*WHAT THE TASK REQUIRES*. What follows is a listing to transcribe exactly, leaving the pictures out.

*RECORDED DATA*.
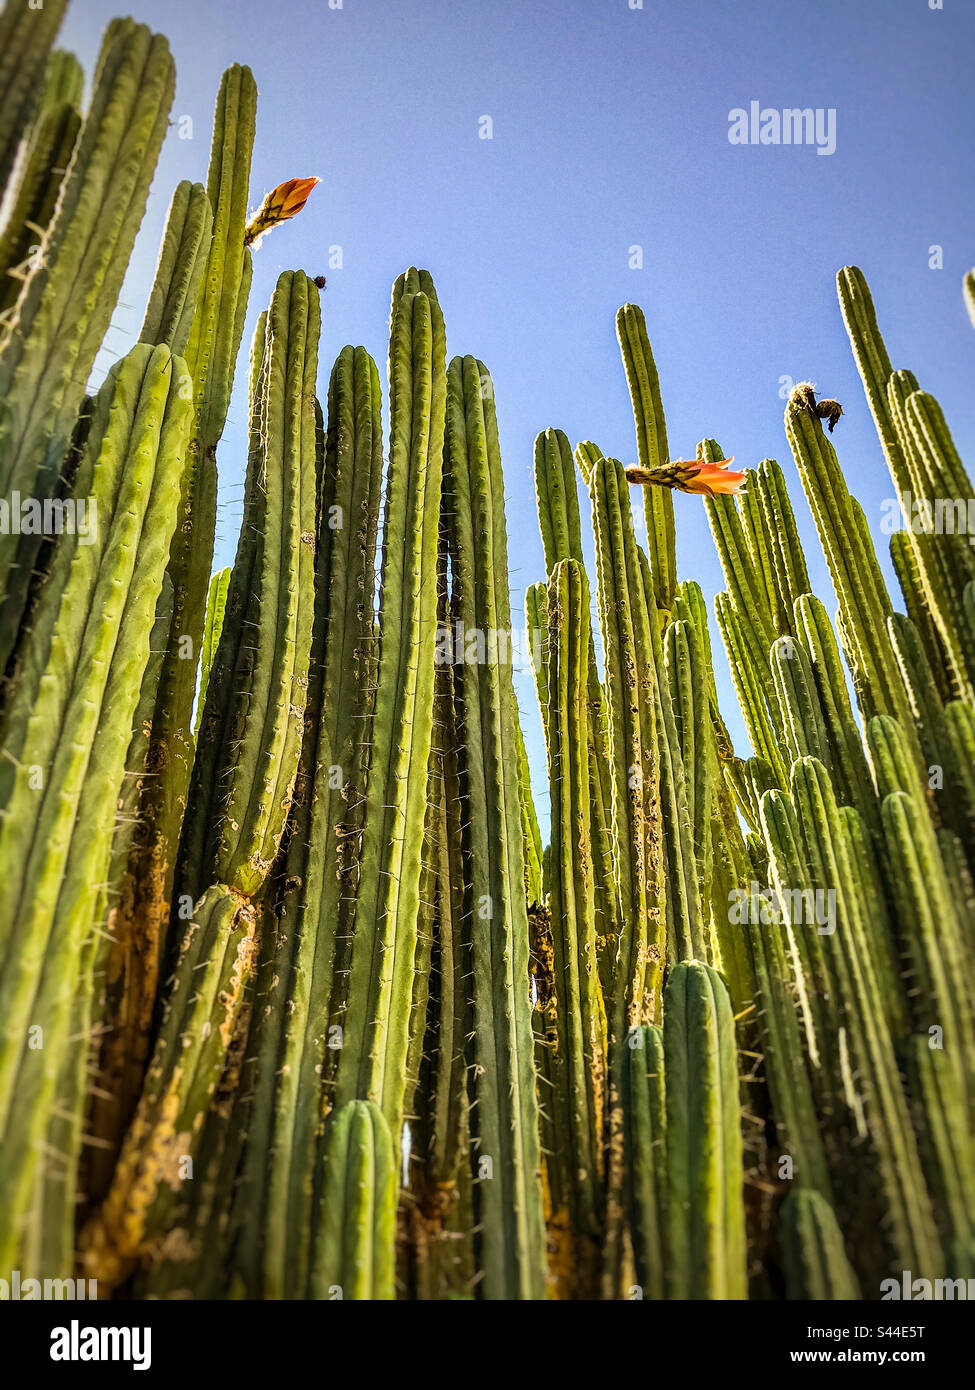 Mur de cactus. Vue à angle bas de nombreuses grandes tiges de cactus, certaines avec des fleurs contre le ciel bleu. Banque D'Images
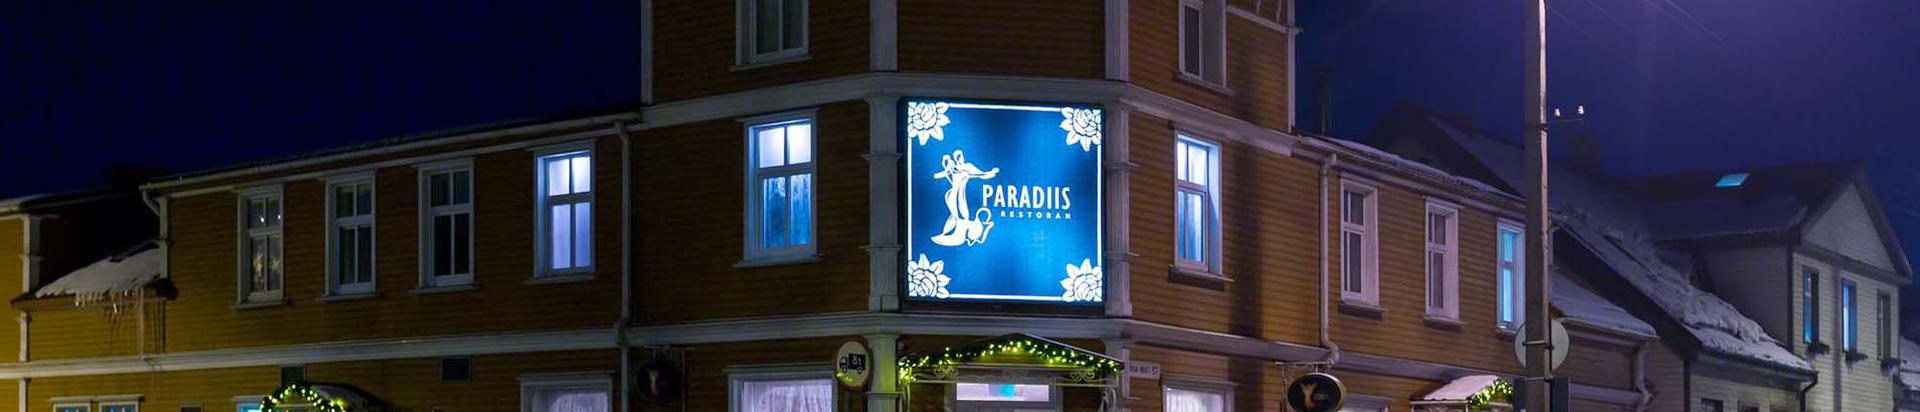 Restoran Paradiis on paik romantilisteks kohtumiseks ja aja veetmiseks! Restoran Paradiis on õdus koht Pärnus Riia mnt ääres, kus kõigil on lihtne jääda iseendaks. Paradiisi mõnusalt sooja atmosfääri loovad kaminates praksuvad halud ja sõbralik ning meeldiv teenindus.
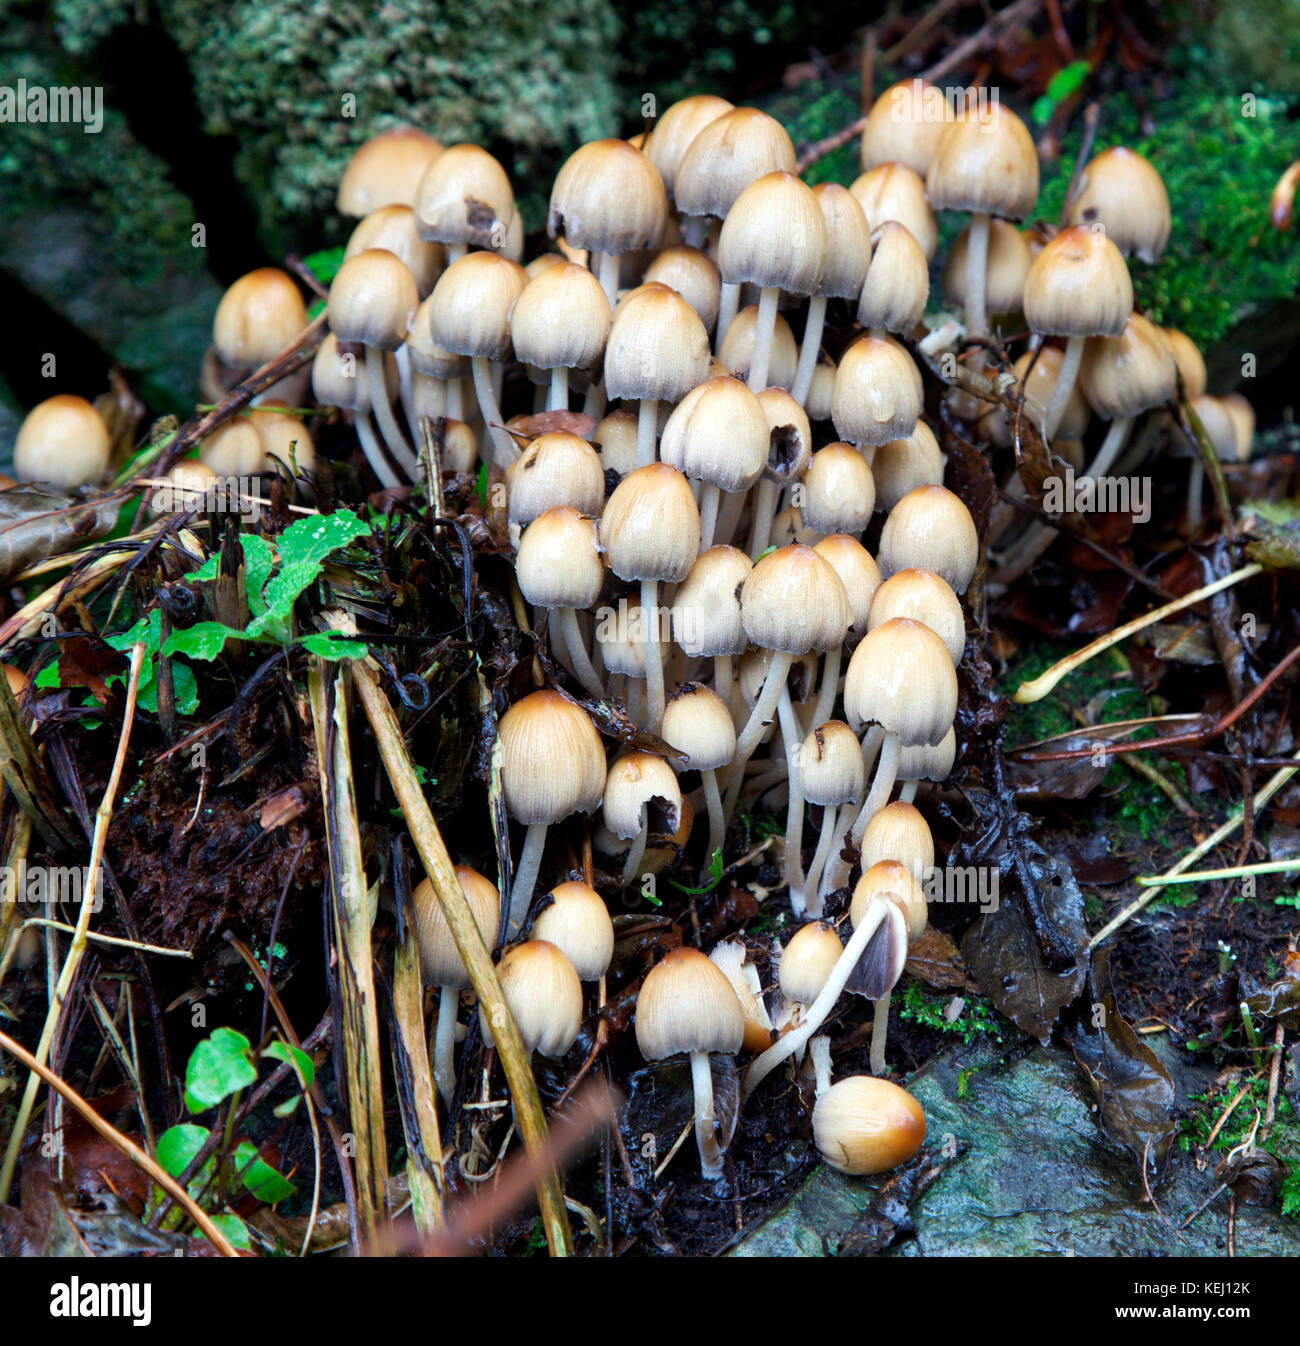 Coprinellies micaceus, edidble fungi growing in an Irish tree Stock Photo

*OUTPUT FOR THIS EXERCISE*.
 Mur de cactus. Vue à angle bas de nombreuses grandes tiges de cactus, certaines avec des fleurs contre le ciel bleu. Banque D'Images
 Restoran Paradiis on paik romantilisteks kohtumiseks ja aja veetmiseks! Restoran Paradiis on õdus koht Pärnus Riia mnt ääres, kus kõigil on lihtne jääda iseendaks. Paradiisi mõnusalt sooja atmosfääri loovad kaminates praksuvad halud ja sõbralik ning meeldiv teenindus.
 Coprinellies micaceus, edidble fungi growing in an Irish tree Stock Photo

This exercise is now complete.